§ **Provided data**:
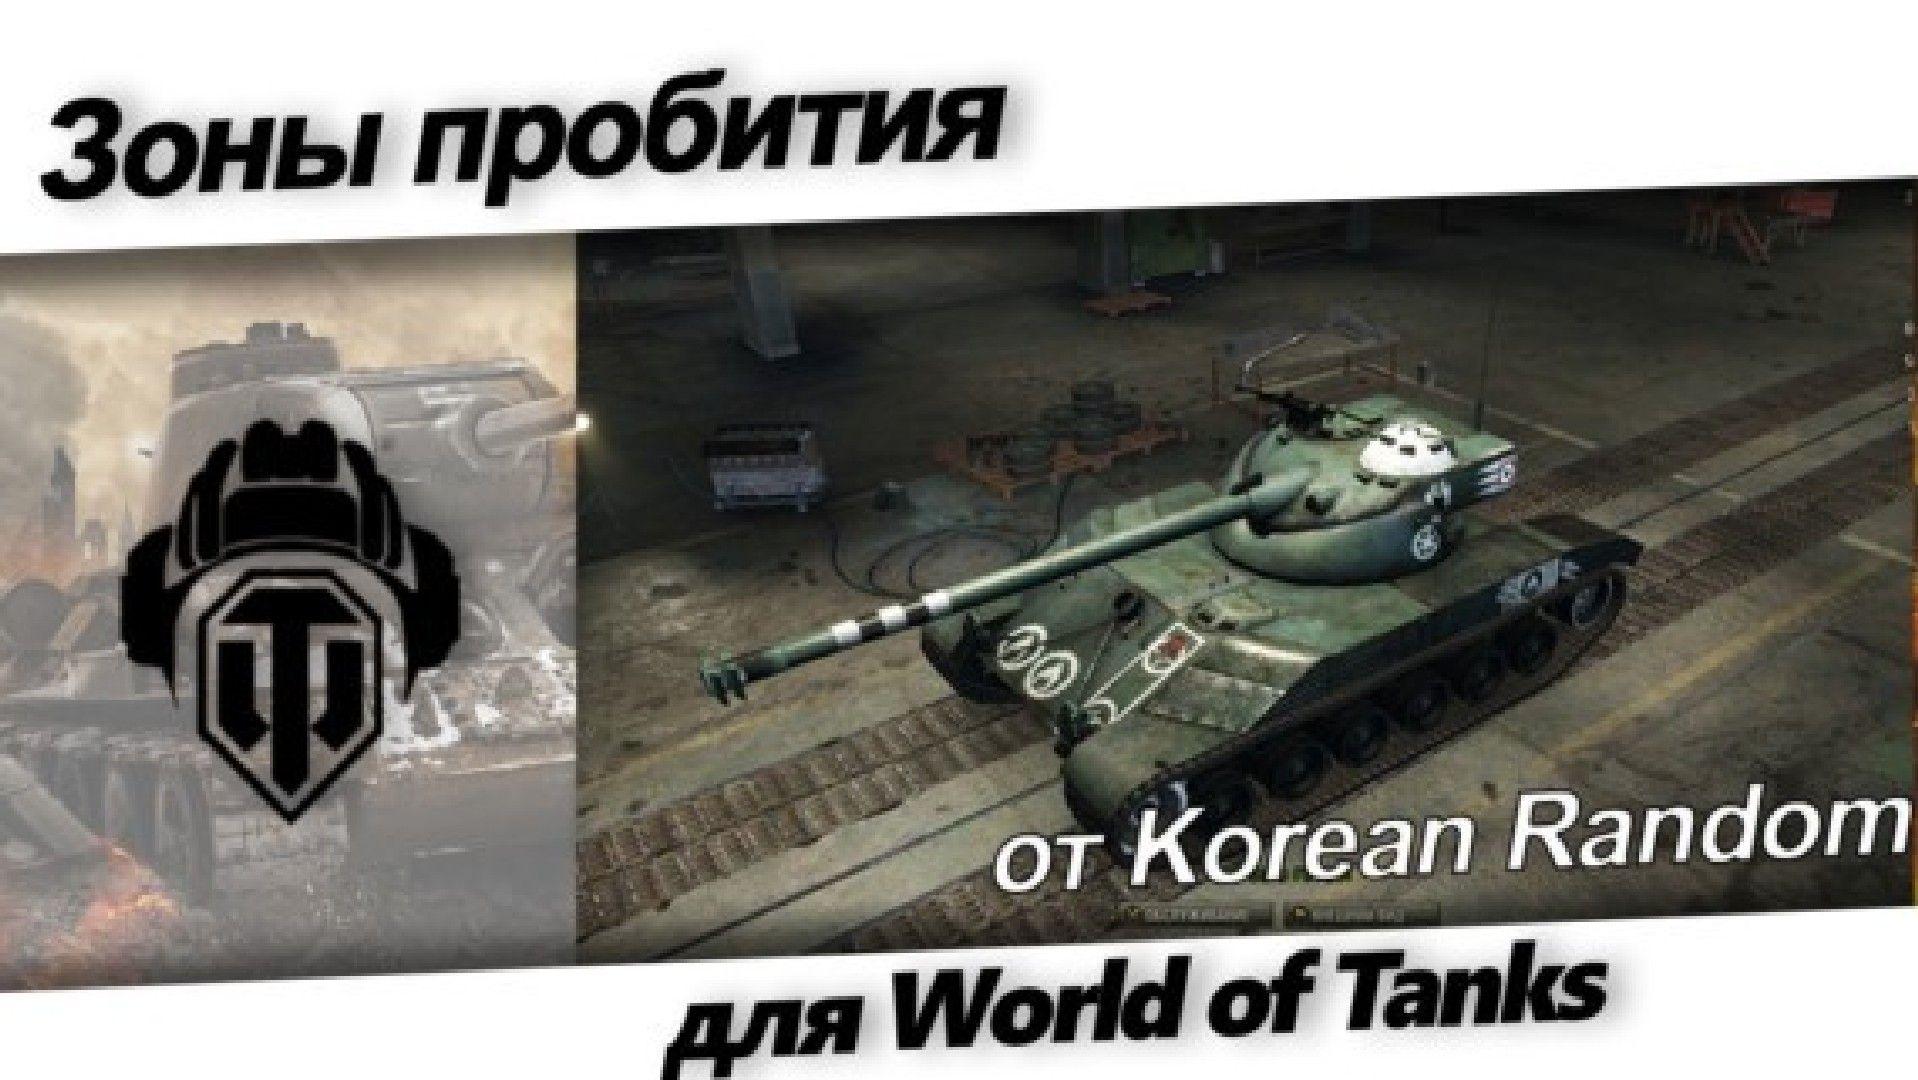 Контурные зоны пробития от Korean Random 1
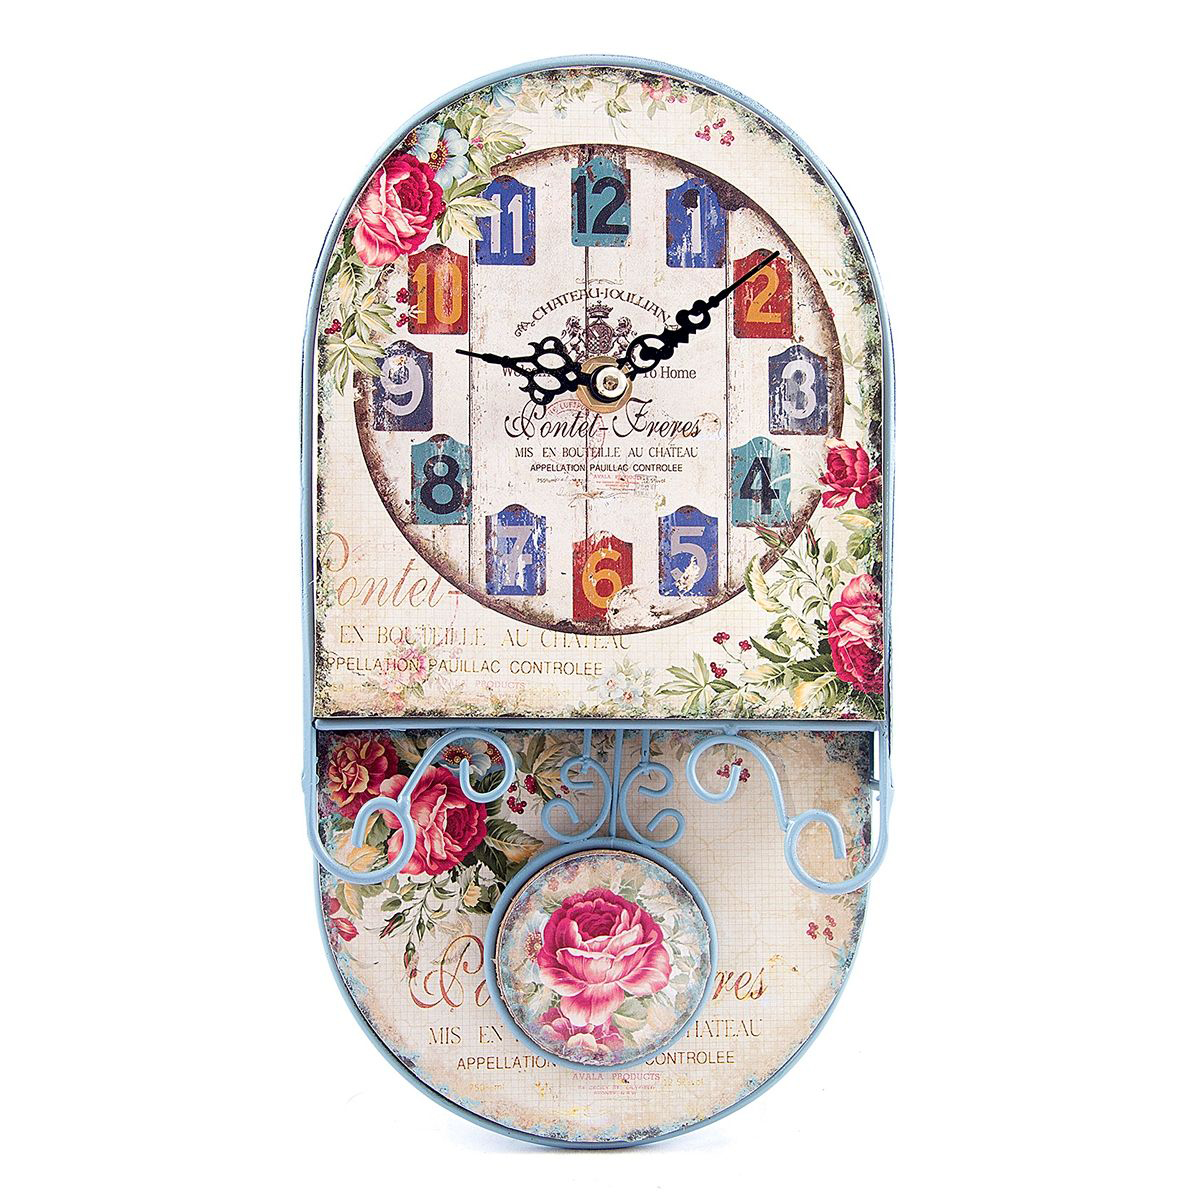 Часы настенные Русские Подарки, 14 х 26 х 6 см. 2962929629Настенные кварцевые часы Русские Подарки изготовлены из МДФ. Корпус оформлен изображением цветов и надписей. Часы имеют две стрелки - часовую и минутную. Циферблат не защищен стеклом. С обратной стороны имеется петелька для подвешивания на стену. Изящные часы красиво и оригинально оформят интерьер дома или офиса.
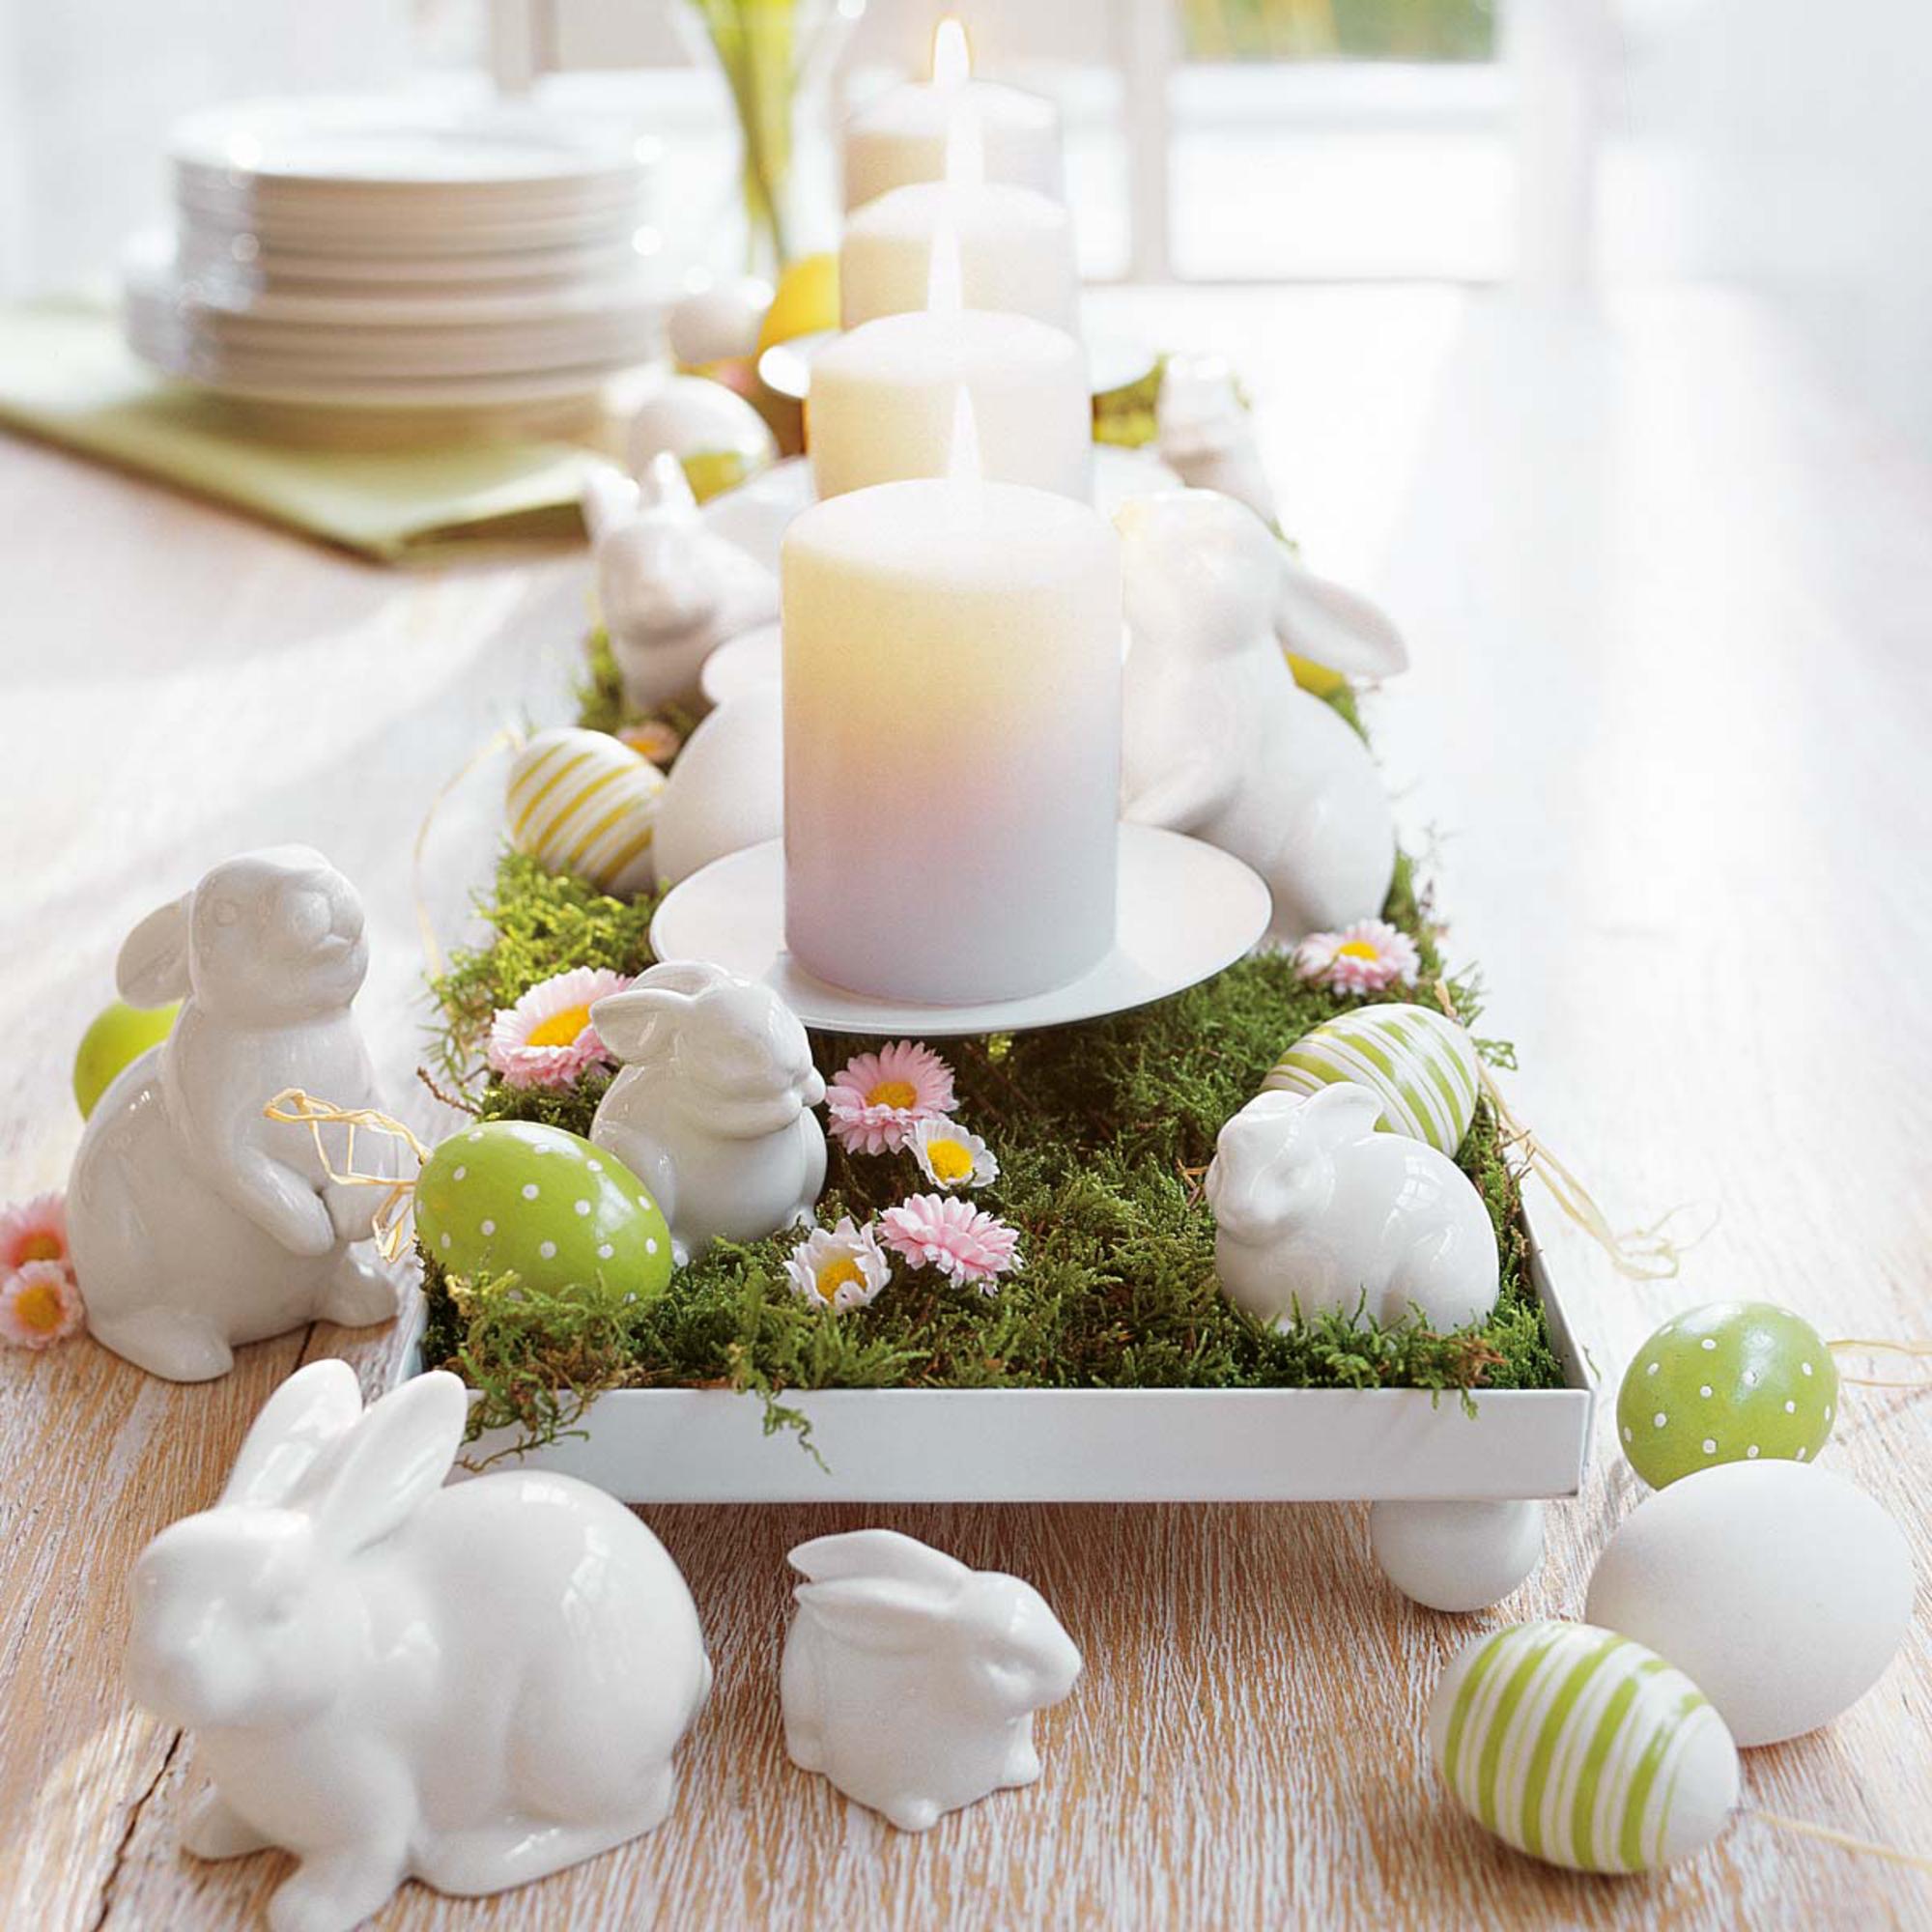 Décoration de Pâques - Décoration de table de vacances

§ **What the exercise asks**: What you need to retype is every line from the one that has "Часы настенные Русские" through the last line of the listing, both included, with the pictures left out.

§ **Answer for the task**:
 Часы настенные Русские Подарки, 14 х 26 х 6 см. 2962929629Настенные кварцевые часы Русские Подарки изготовлены из МДФ. Корпус оформлен изображением цветов и надписей. Часы имеют две стрелки - часовую и минутную. Циферблат не защищен стеклом. С обратной стороны имеется петелька для подвешивания на стену. Изящные часы красиво и оригинально оформят интерьер дома или офиса.
 Décoration de Pâques - Décoration de table de vacances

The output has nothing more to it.